- **What to work on**
Keep the pictures out. Copy every line of the listing exactly.

- **Supplied material**
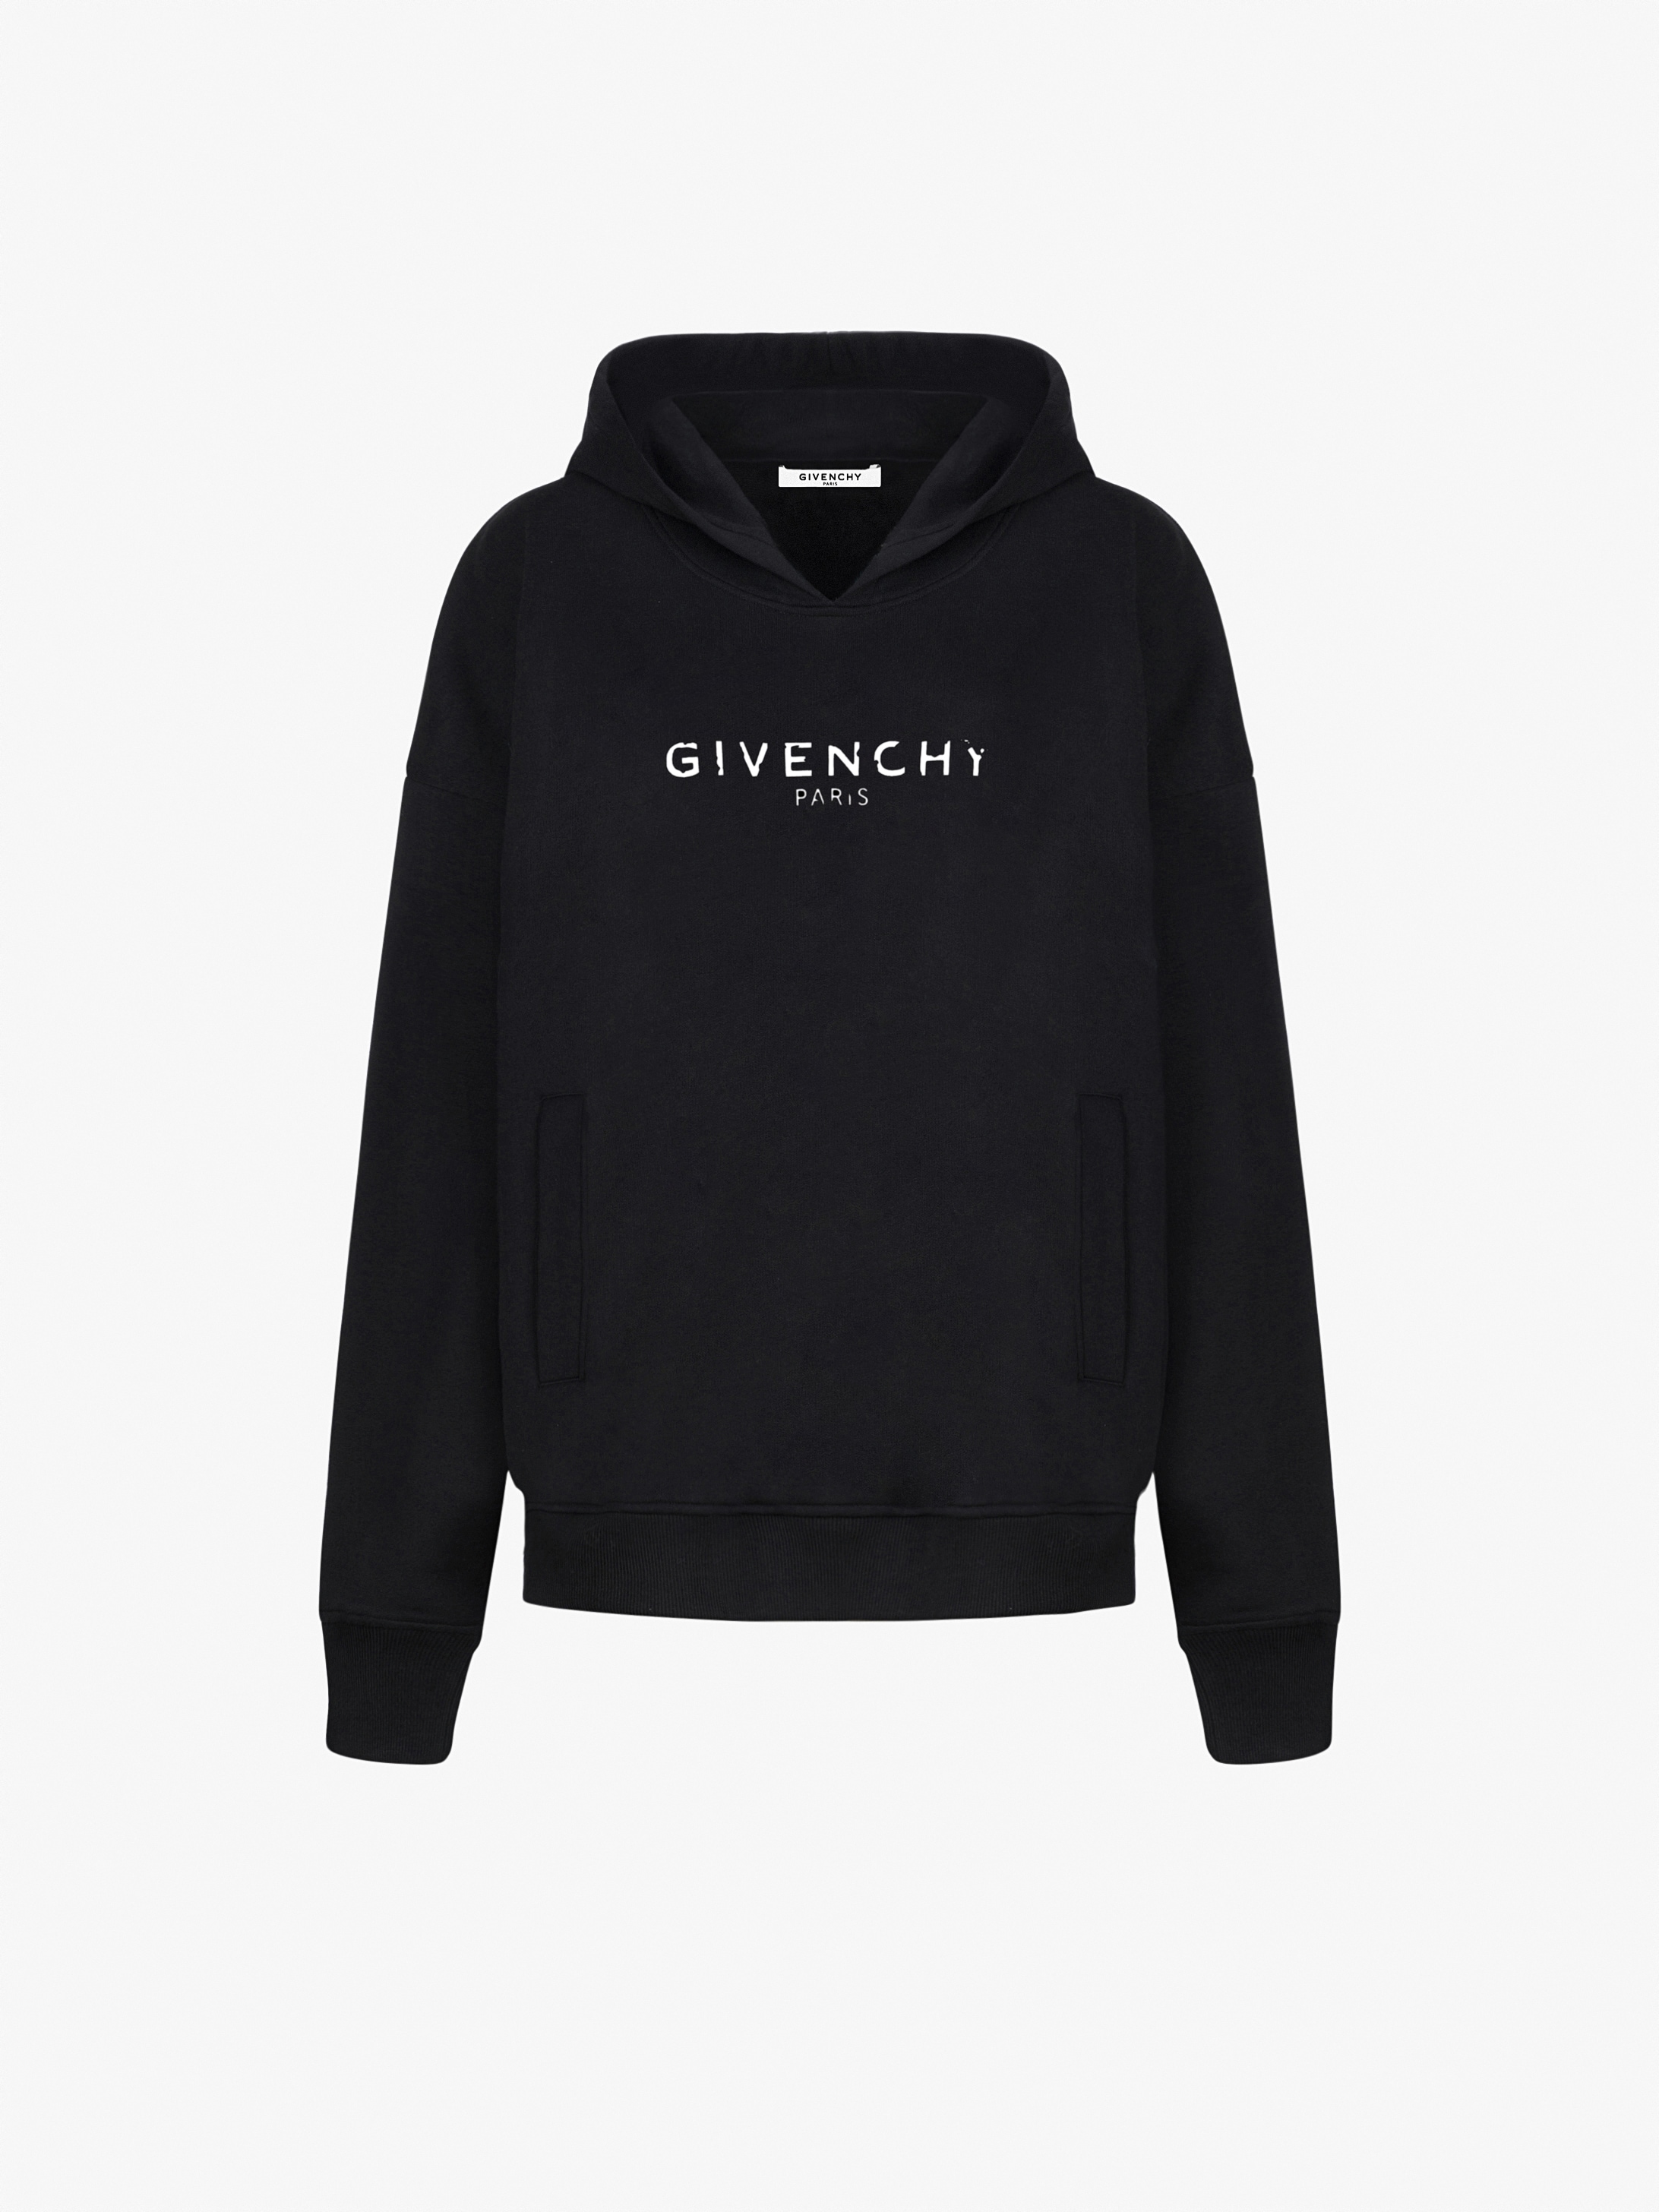 black and white givenchy sweatshirt
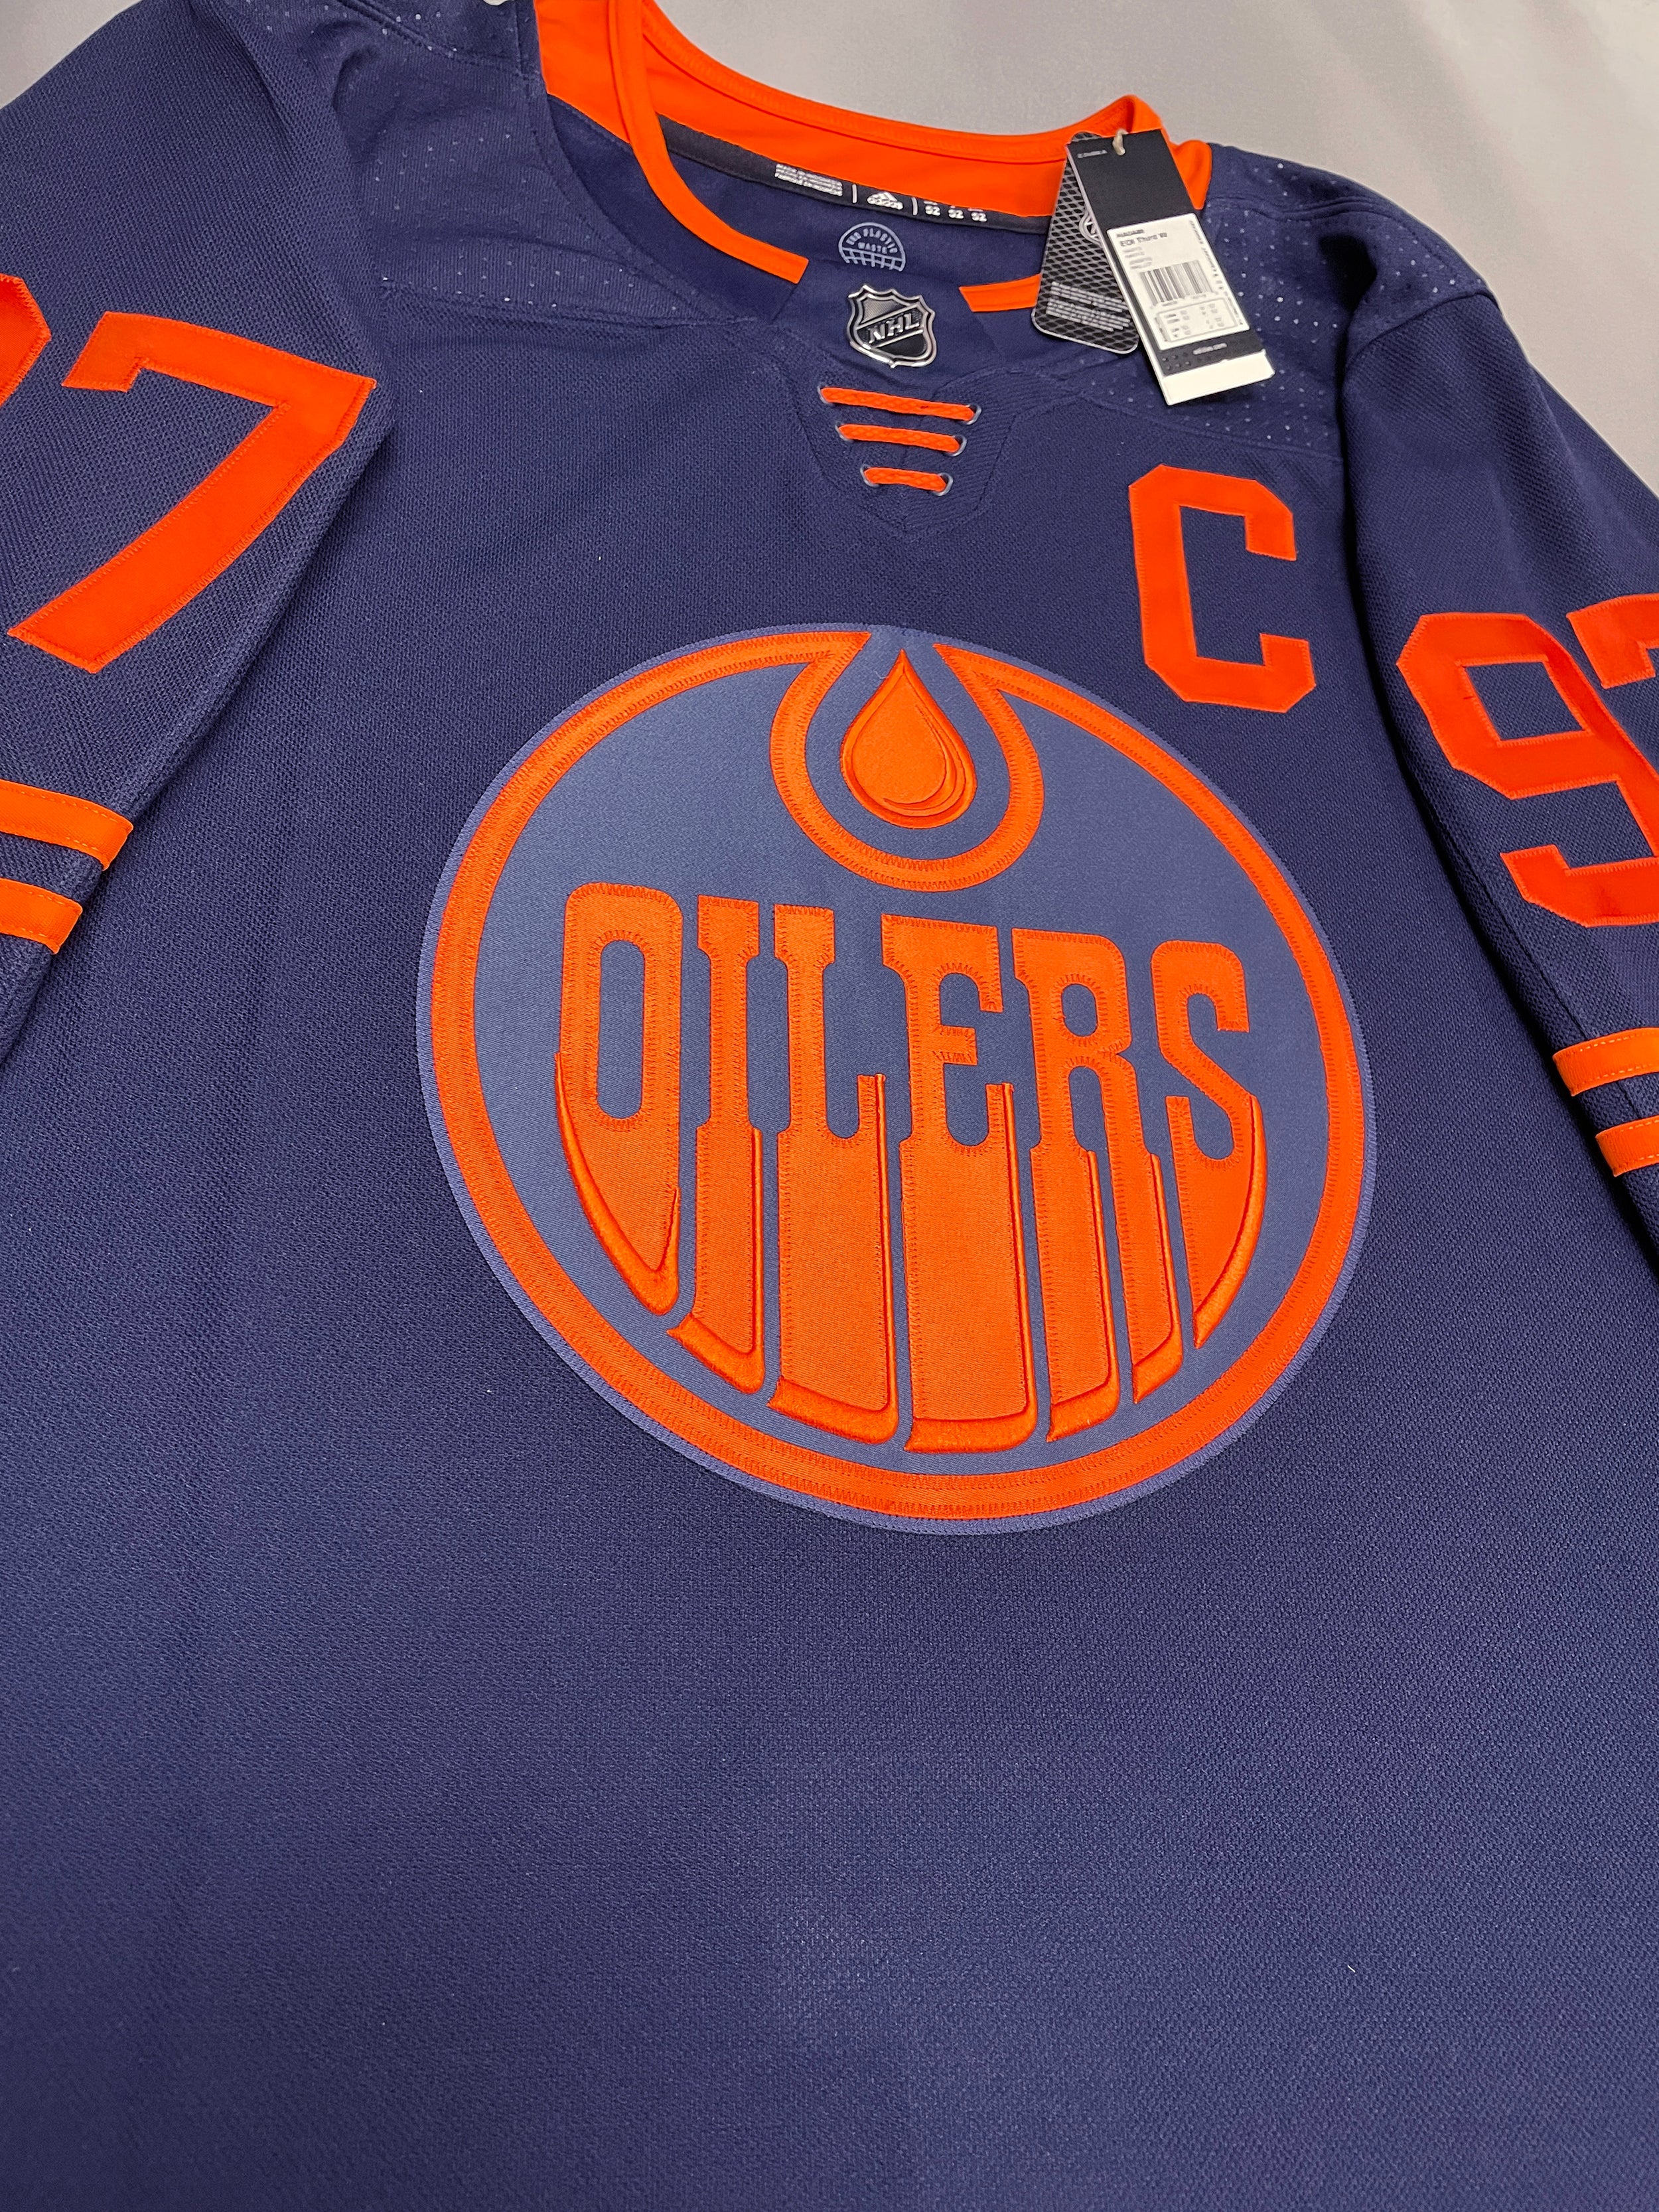 Connor McDavid Edmonton Oilers 2022 Adidas Primegreen Authentic NHL Hockey Jersey - Home / M/50
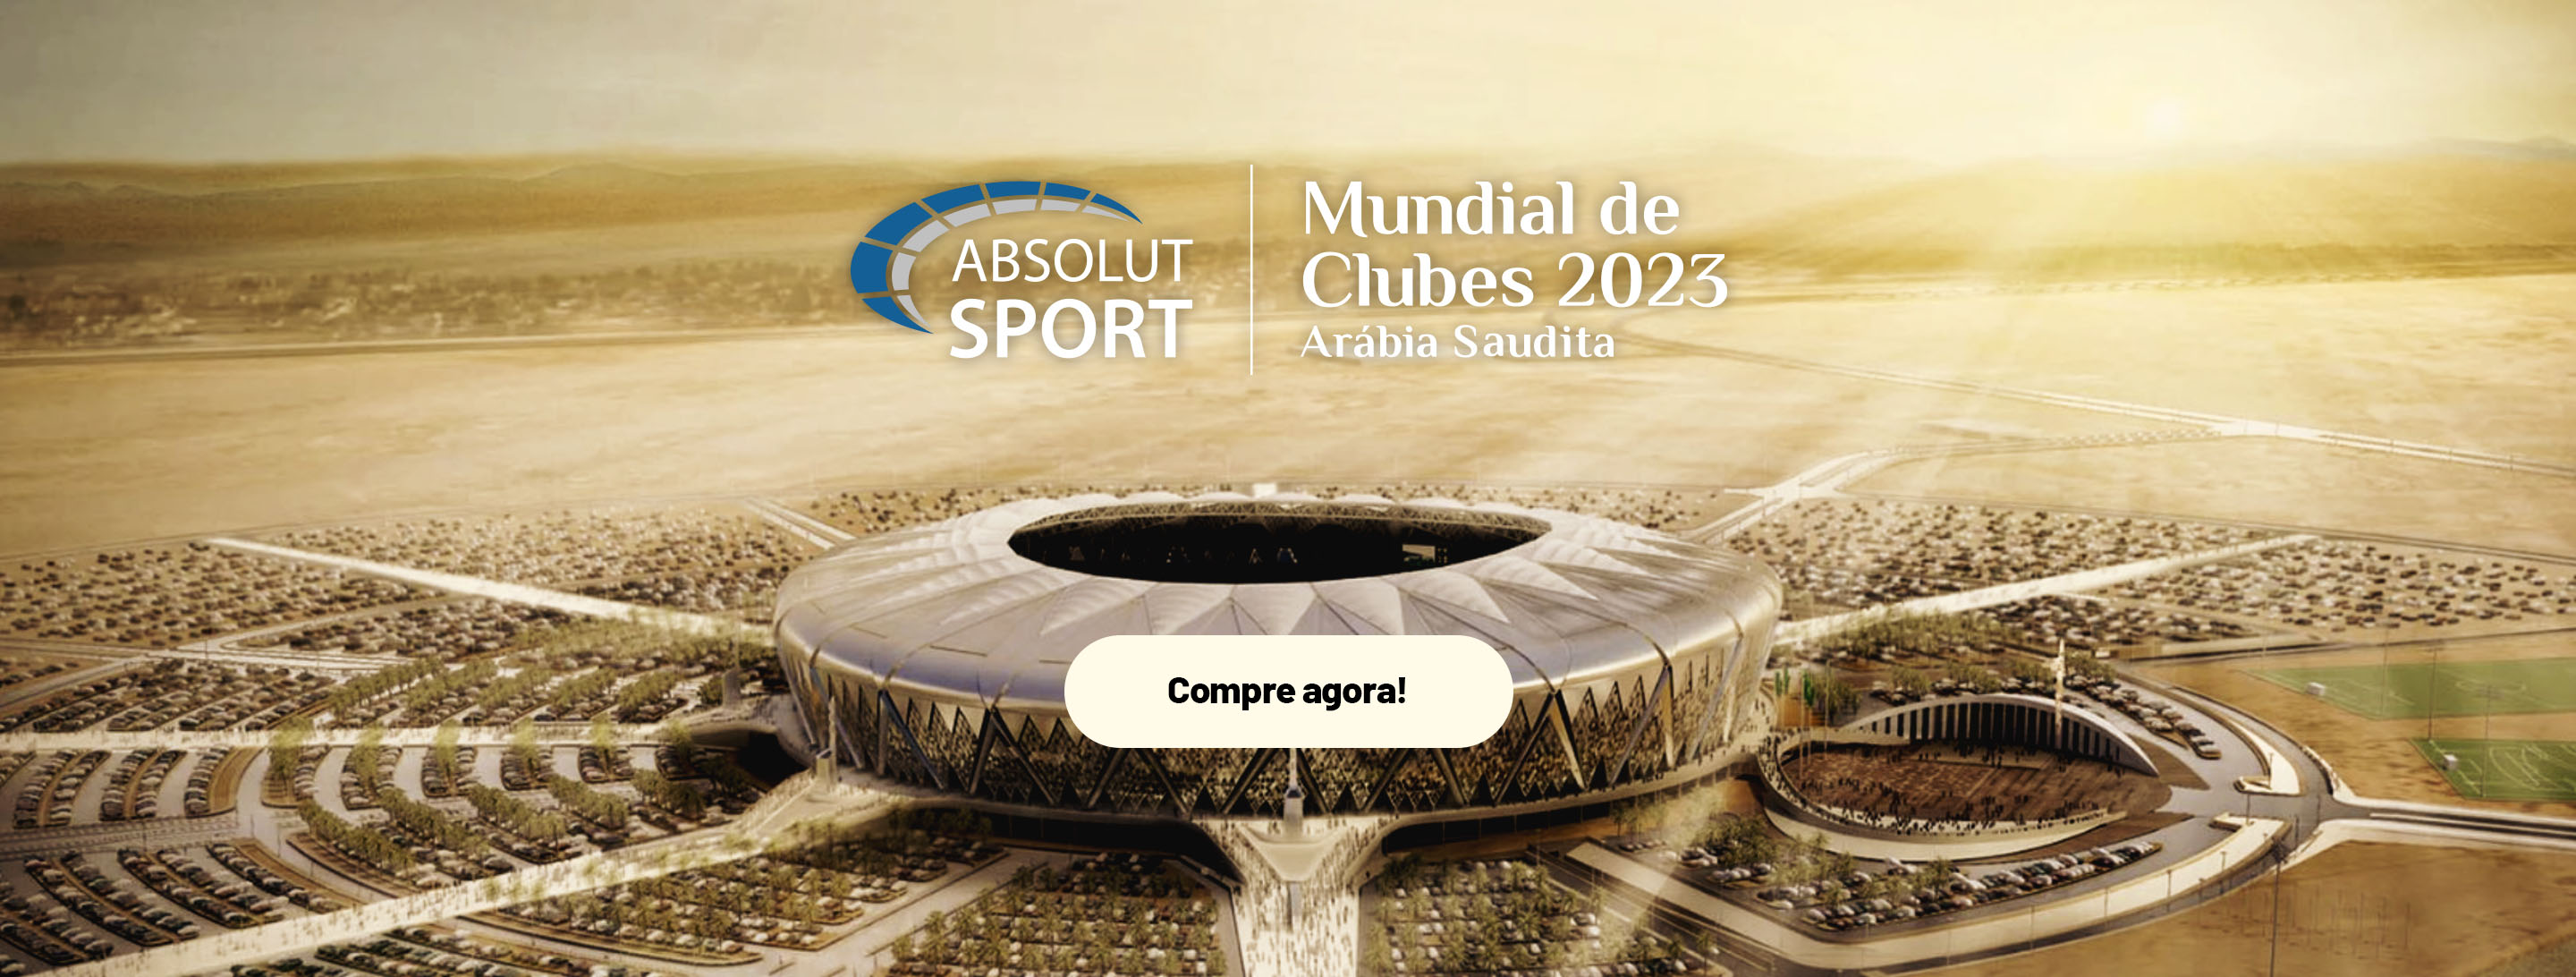 Mundial de Clubes 2023 - ABSOLUT Sport - Arabia Saudita

- **Output for this task**
 black and white givenchy sweatshirt
 Connor McDavid Edmonton Oilers 2022 Adidas Primegreen Authentic NHL Hockey Jersey - Home / M/50
 Mundial de Clubes 2023 - ABSOLUT Sport - Arabia Saudita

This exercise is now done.